I love watching security vendor marketers latch onto Cybersecurity Awareness Month as an opportunity to make cybersecurity professionals more aware of cybersecurity. I find it funny and frustrating because isn’t the purpose of Cybersecurity Awareness Month to make end users more aware of cybersecurity and cyber safety? The last people who need more cybersecurity awareness are the defenders who live and breathe it all day, every day. Know your audience, please.
Two sides to the end user cyber awareness coin
In the intro blog to this series, I offered up our take on there are two sides to the end user cyber awareness coin. On one side is end user awareness around adopting safe cyber practices, AND on the other side is end user awareness of the direct human impact of not doing so.

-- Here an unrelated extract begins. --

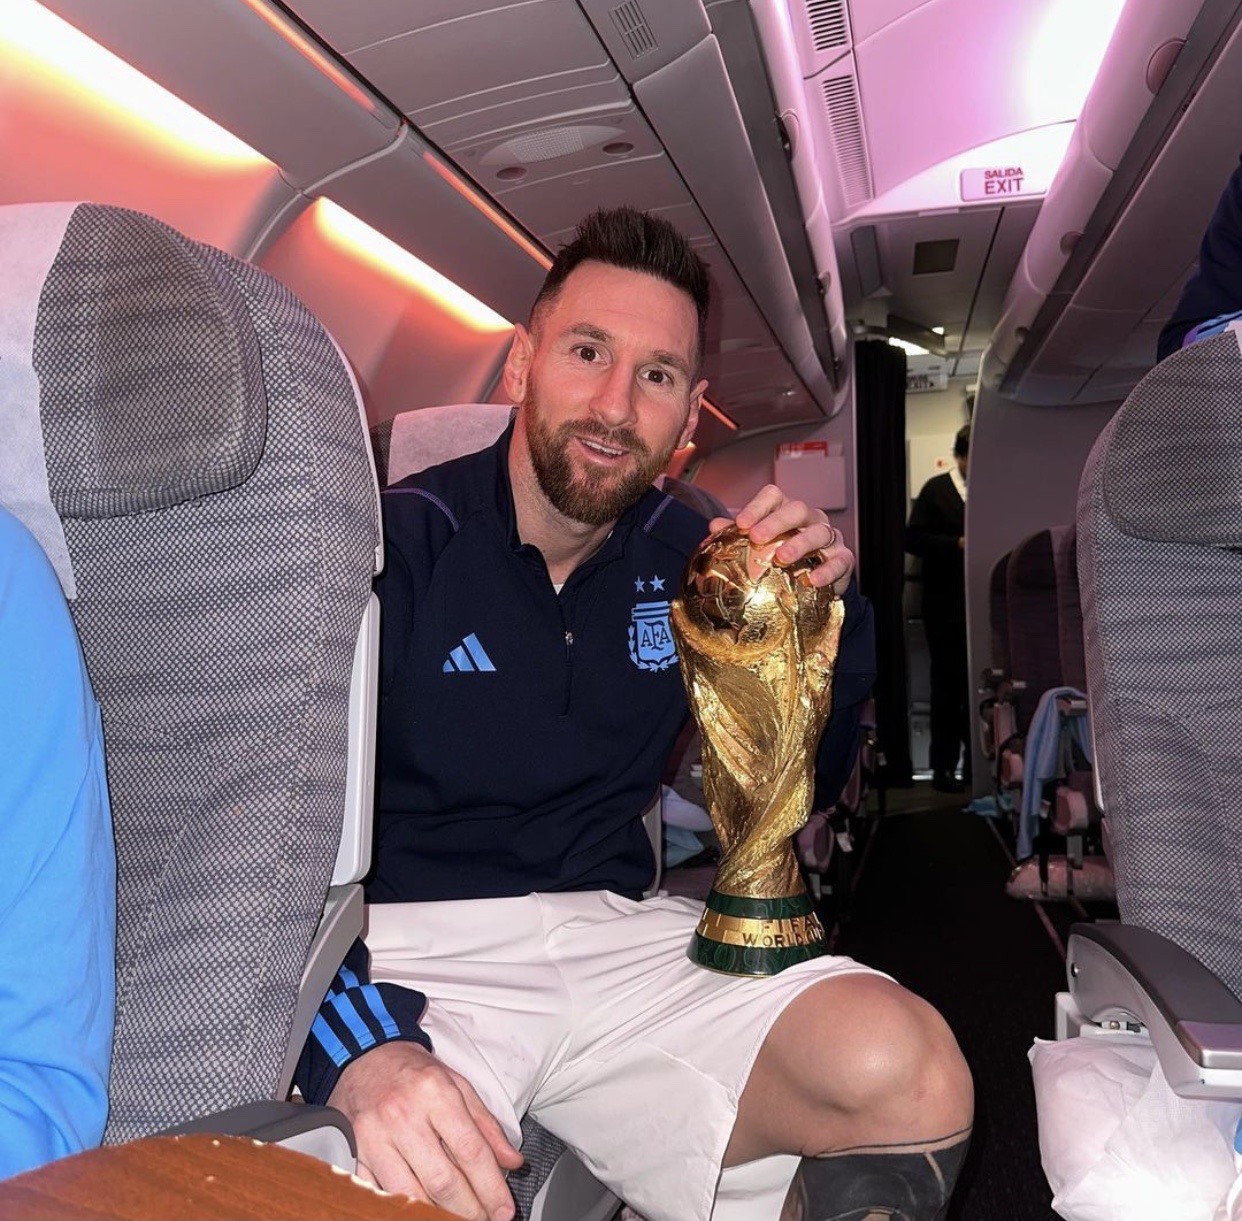 Biển người vây quanh sân, Messi vừa giành chiếc Cúp vô địch quốc gia trên đầu. Nếu bạn muốn thấy được những hình ảnh đầy cảm xúc như thế này, hãy xem bức ảnh này. Có lẽ đây là cảm giác mà Messi đã trải qua khi giành chiến thắng đầy tự hào. Hãy cảm nhận giá trị của niềm đam mê và mộng mơ.

Subject to every end user’s innocent mistake, error in judgment, or policy side-step is another human – the defender – tasked with protecting the organization at large from falling victim to a cyberattack, and end users need to know, what they do (or don’t do) has a direct impact on that person’s well-being.
We call it the “Defenders’ Dilemma”
In our State of Threat Detection 2023 research, we quantified what we have been referring to as security’s “spiral of more” and what end users may not be aware of is how their actions often trigger and feed this spiral.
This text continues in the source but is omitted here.